Only one stretch of the data below is wanted: the lines starting at the one with "Green & Blue" and ending at the one with "The sign for", both included, given again exactly.

BEGIN Data provided

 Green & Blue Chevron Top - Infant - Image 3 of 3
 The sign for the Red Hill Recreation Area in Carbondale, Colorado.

END Data provided
BEGIN Data provided

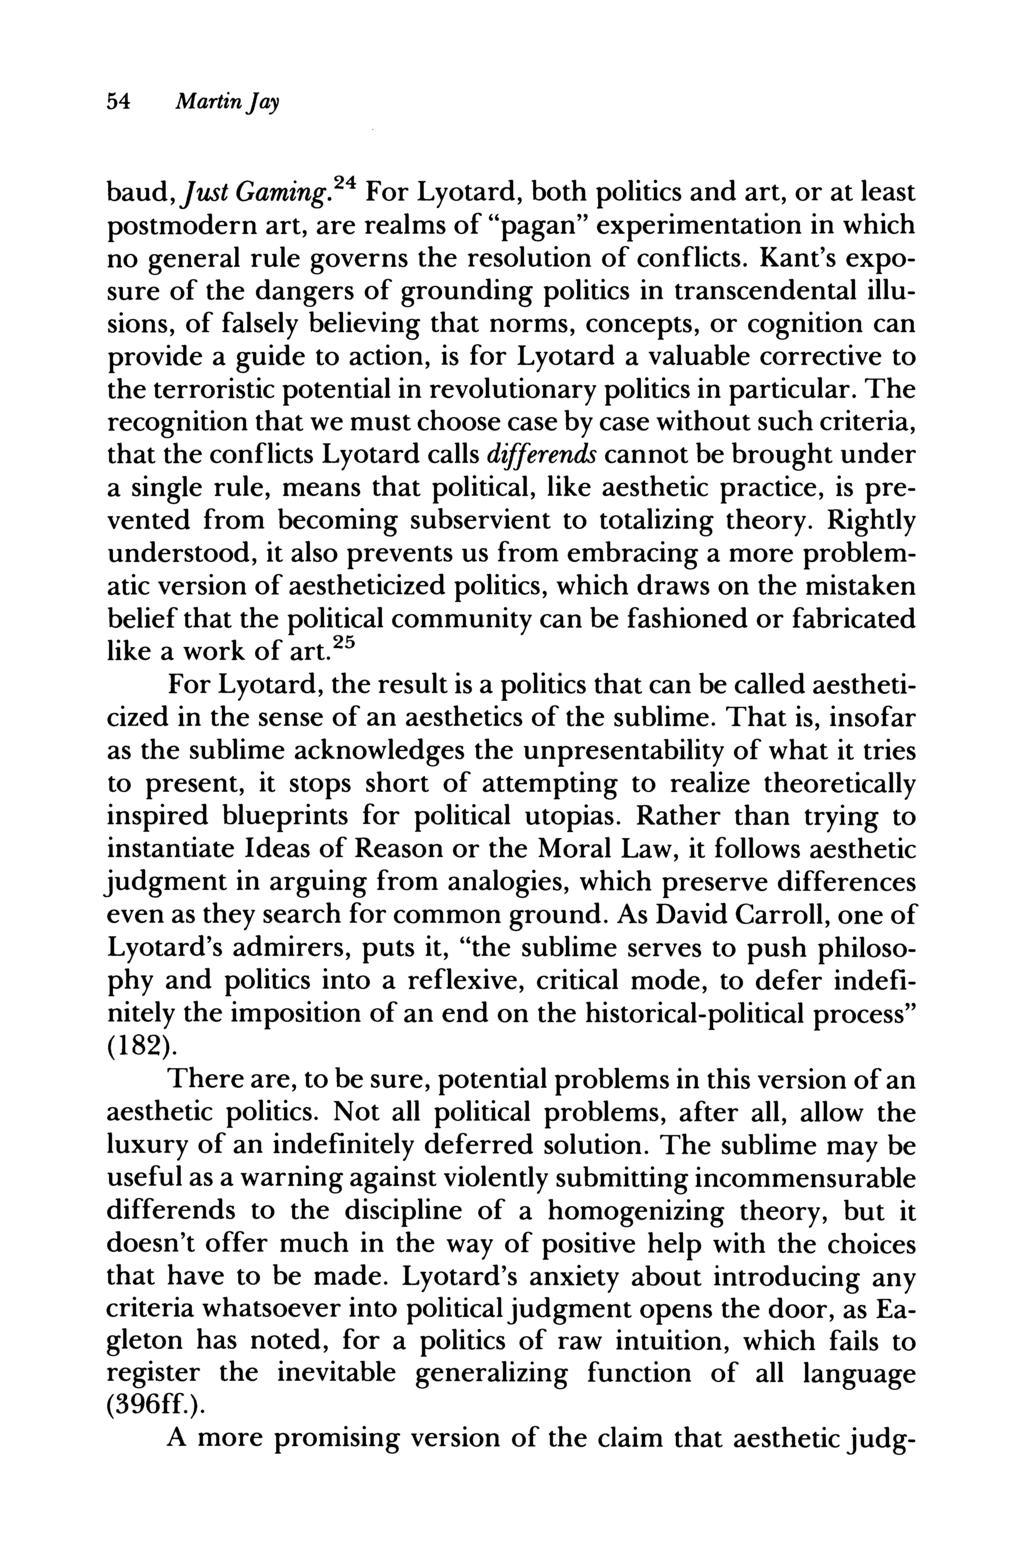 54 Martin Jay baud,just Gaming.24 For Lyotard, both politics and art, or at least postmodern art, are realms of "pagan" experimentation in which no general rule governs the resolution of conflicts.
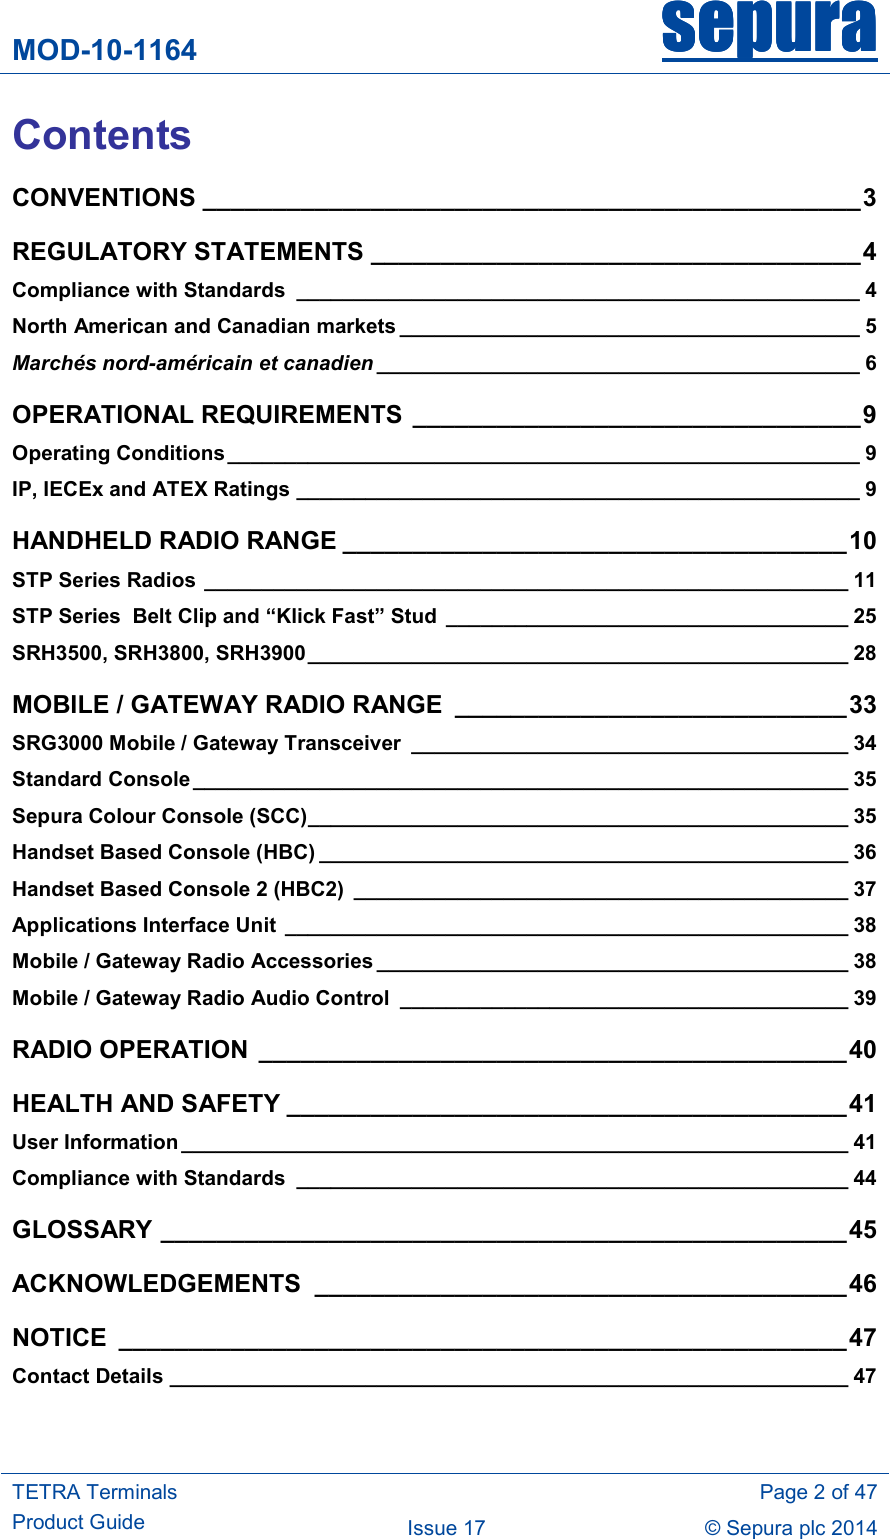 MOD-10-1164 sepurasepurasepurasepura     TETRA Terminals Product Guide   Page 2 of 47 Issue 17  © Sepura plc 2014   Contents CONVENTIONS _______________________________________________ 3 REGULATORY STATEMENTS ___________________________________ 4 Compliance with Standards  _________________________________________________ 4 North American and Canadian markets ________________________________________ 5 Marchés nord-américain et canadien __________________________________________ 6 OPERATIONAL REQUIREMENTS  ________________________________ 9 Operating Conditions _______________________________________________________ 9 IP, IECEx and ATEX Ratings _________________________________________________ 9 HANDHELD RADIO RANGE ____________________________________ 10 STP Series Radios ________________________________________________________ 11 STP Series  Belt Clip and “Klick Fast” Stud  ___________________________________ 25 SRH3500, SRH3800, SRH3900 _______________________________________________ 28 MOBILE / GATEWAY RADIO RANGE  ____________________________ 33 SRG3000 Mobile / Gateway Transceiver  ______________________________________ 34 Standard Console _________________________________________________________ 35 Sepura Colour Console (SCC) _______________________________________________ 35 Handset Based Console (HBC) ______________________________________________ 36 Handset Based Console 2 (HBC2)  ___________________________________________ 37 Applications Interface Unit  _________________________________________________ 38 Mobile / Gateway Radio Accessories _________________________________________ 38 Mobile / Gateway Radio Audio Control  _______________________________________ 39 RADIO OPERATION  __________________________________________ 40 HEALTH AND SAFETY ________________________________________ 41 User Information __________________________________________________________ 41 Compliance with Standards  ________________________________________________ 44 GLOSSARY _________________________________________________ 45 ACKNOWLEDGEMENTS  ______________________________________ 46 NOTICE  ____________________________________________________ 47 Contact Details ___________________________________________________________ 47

END Data provided

◆ **Exercise response**
 Green & Blue Chevron Top - Infant - Image 3 of 3
 The sign for the Red Hill Recreation Area in Carbondale, Colorado.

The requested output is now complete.